As I wrote in June 2020, the decision on whether to extend the Transition Period wasn’t the last gasp of the battle over whether Brexit would happen, it was the Brexiters’ first challenge to show that they could govern Britain after leaving the EU, rather than just campaign for Britain to leave the EU. It is a challenge they comprehensively failed, because they were (as they still are) locked into the idea of defending Brexit against ‘betrayal’. Never mind that, by that time, Britain had actually left the EU, and that could no longer be prevented: they just ploughed on.

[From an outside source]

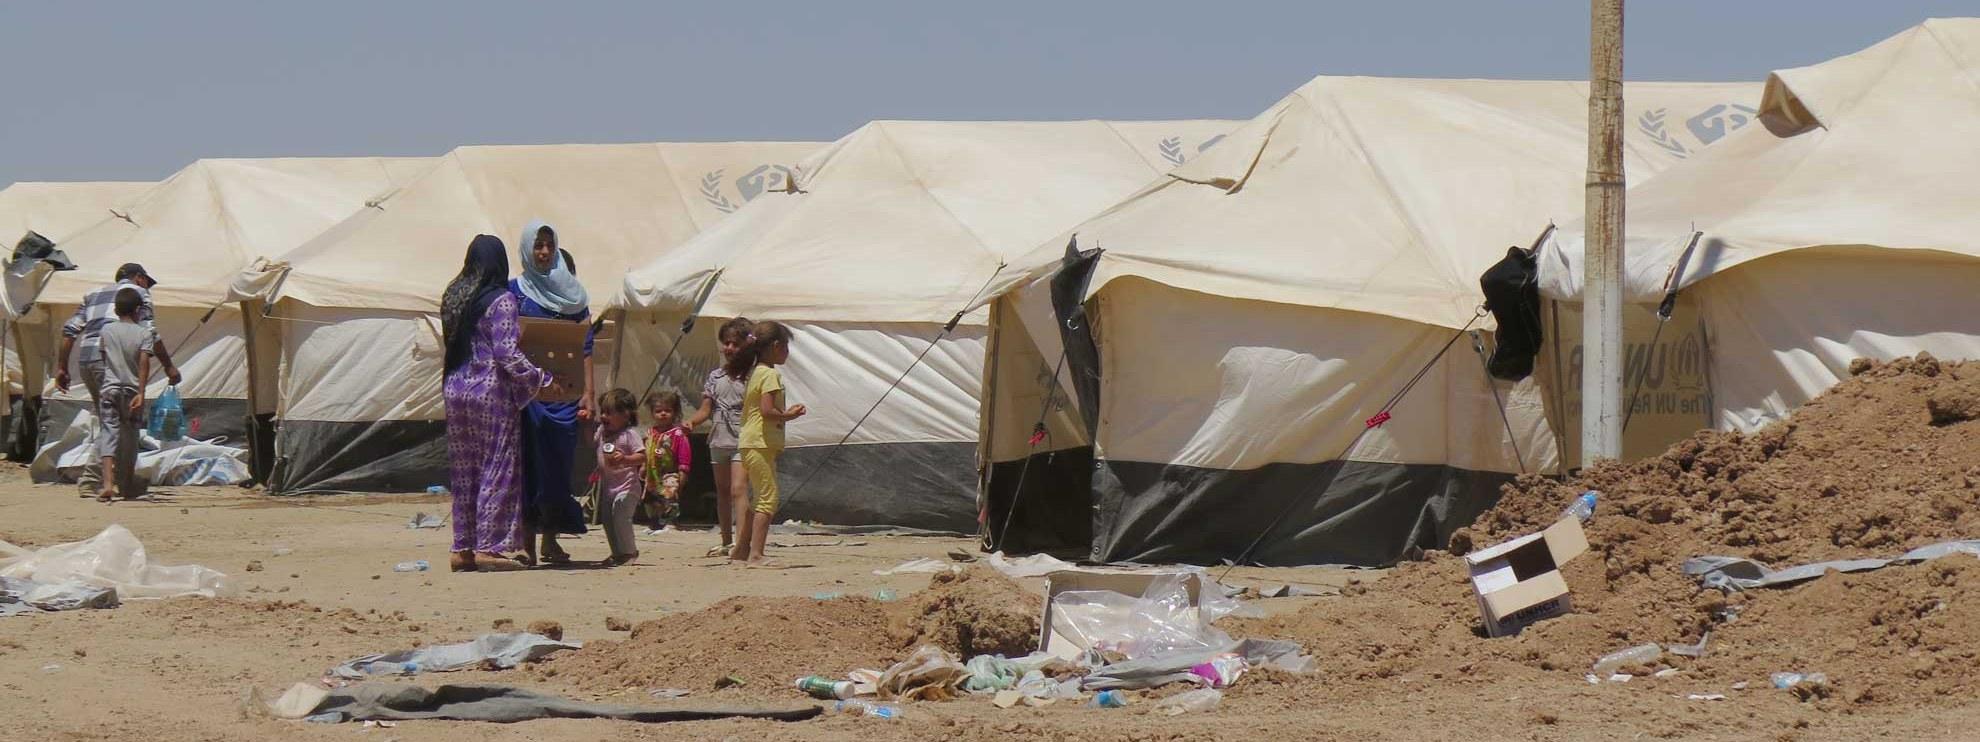 Flüchtlingslager in Kalak, Irak. © Amnesty International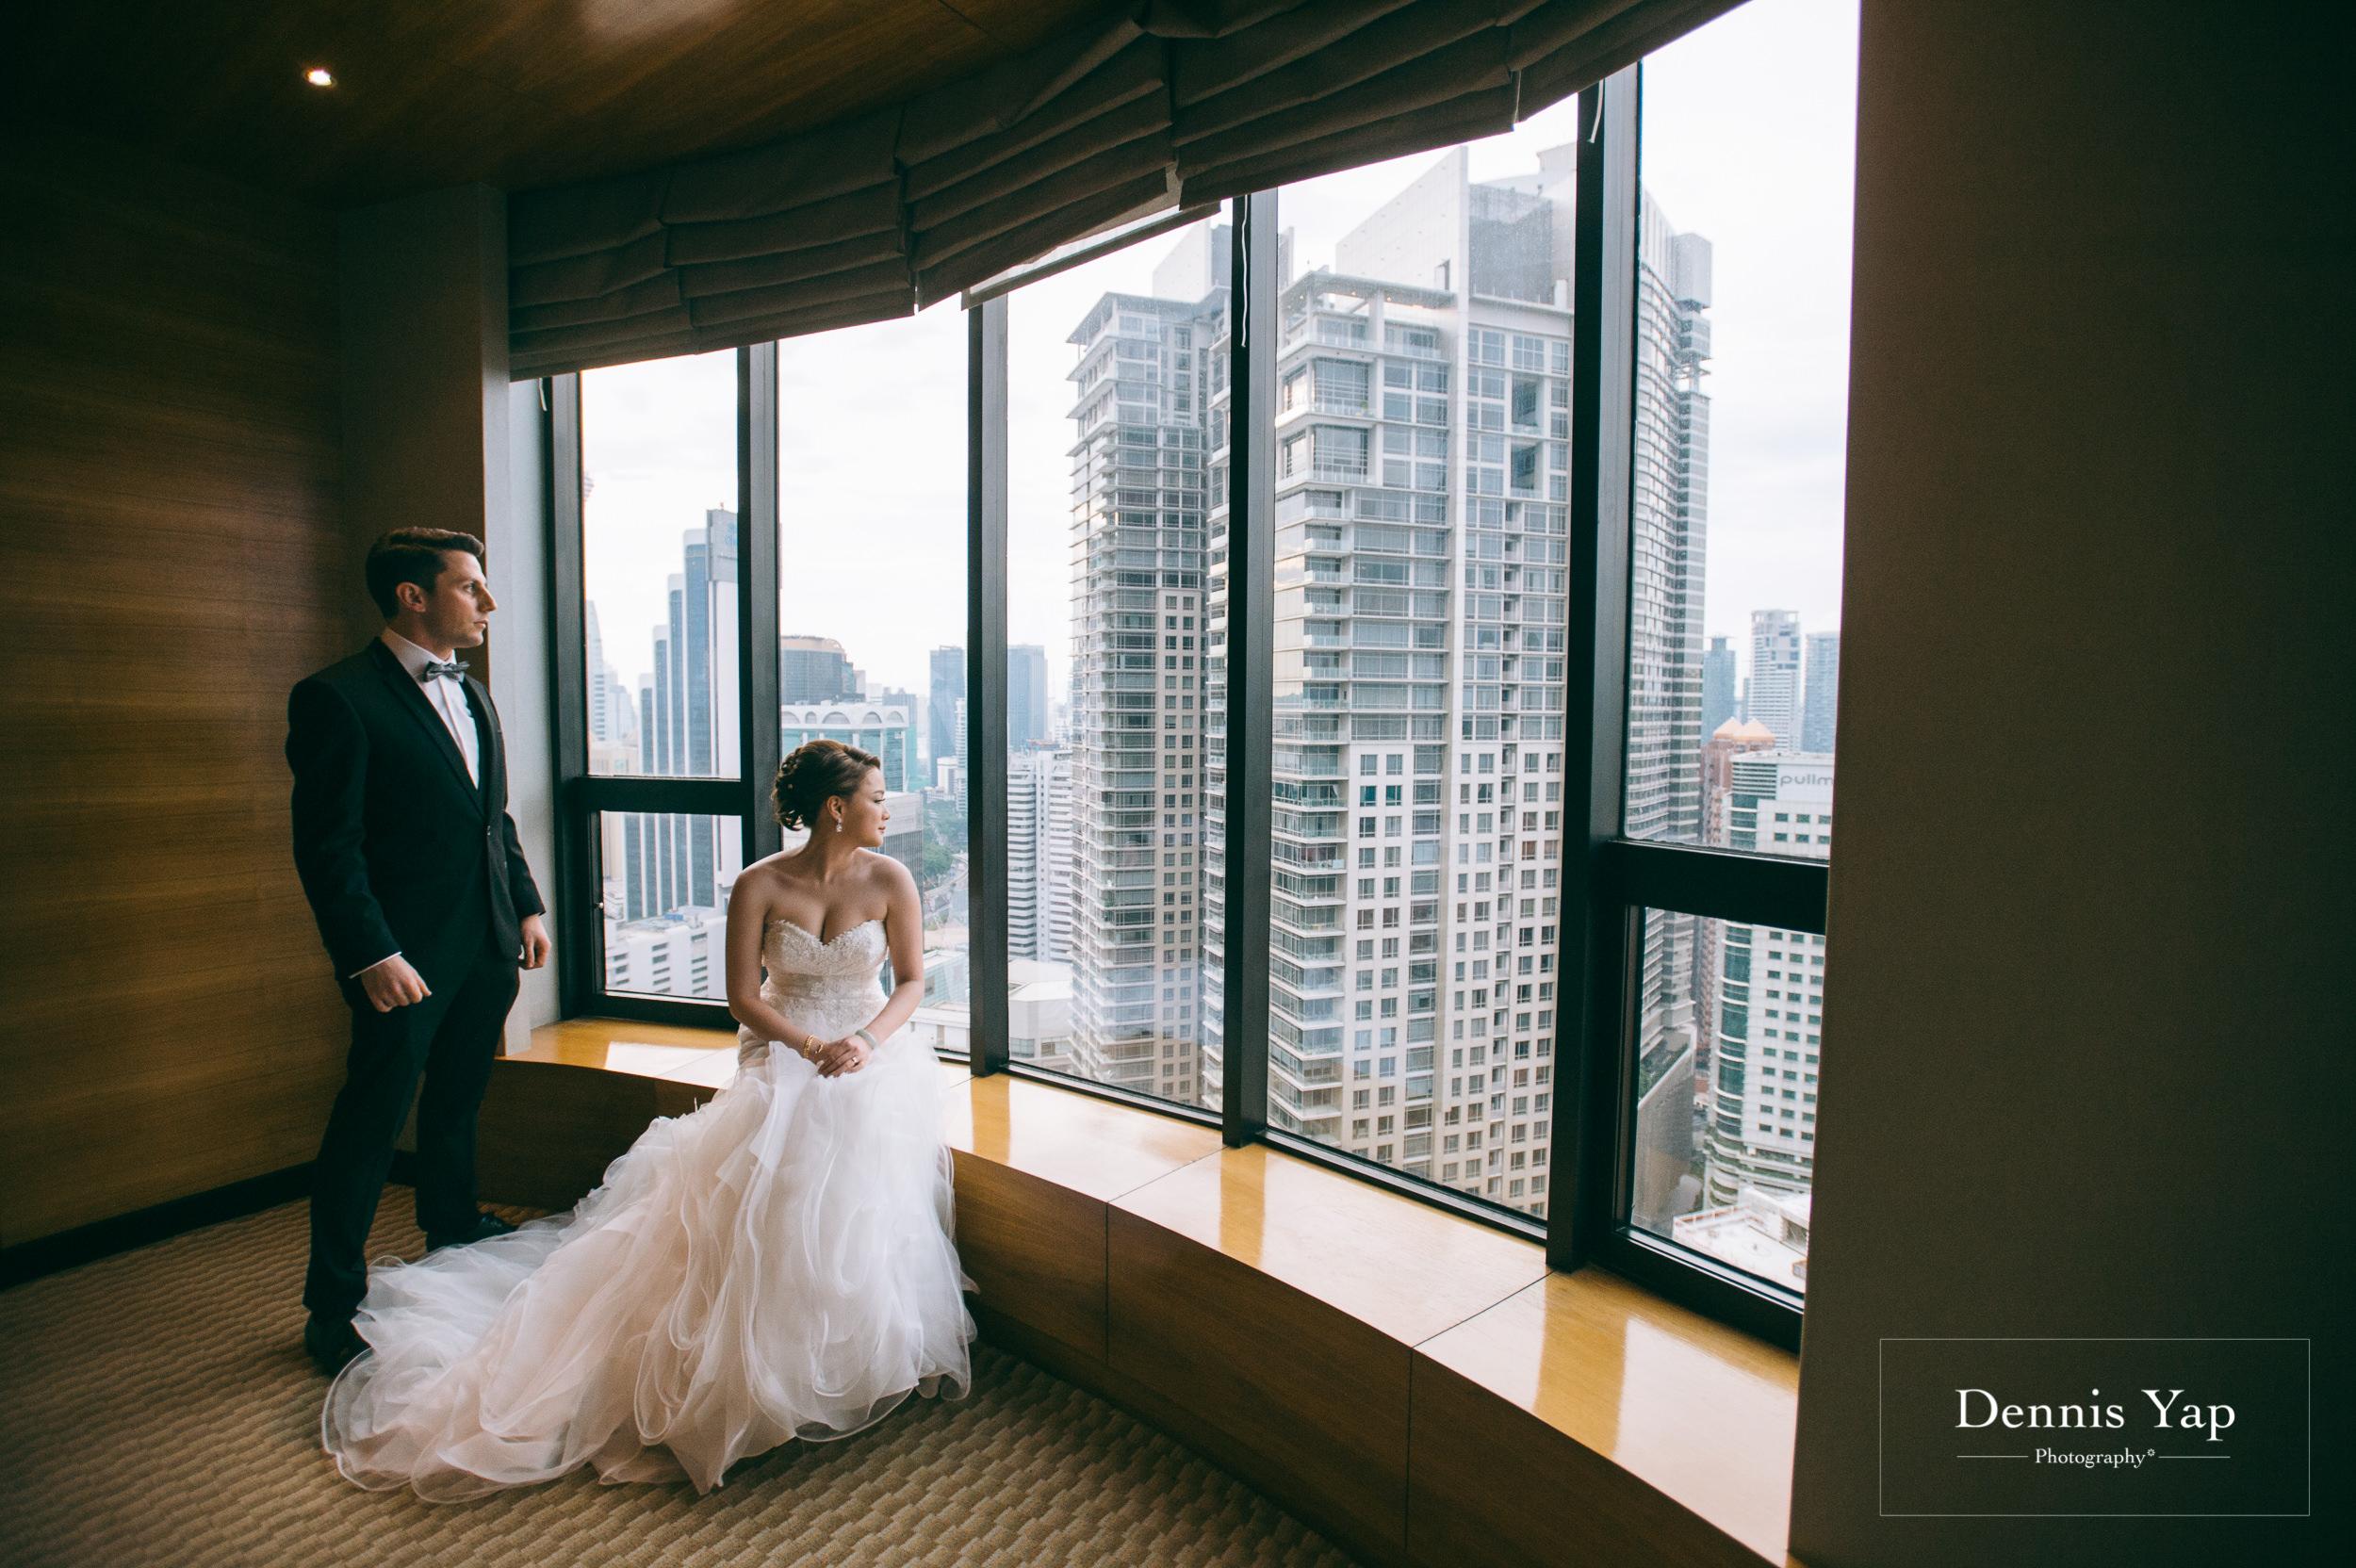 jordan amanda wedding day westin hotel kuala lumpur choe family dennis yap photography-21.jpg

In doing so, they not only pulled time and attention away from dealing with Covid, they also ensured that Covid-battered businesses had no time to prepare for the end of the Transition Period. Even if Brexit were not intrinsically a huge folly, they ensured that it came into effect in the most unpropitious of circumstances, and they did so with absolutely no justification beyond the stiff-necked false pride that the period could not be extended even in the extraordinary and unprecedented circumstances of the pandemic.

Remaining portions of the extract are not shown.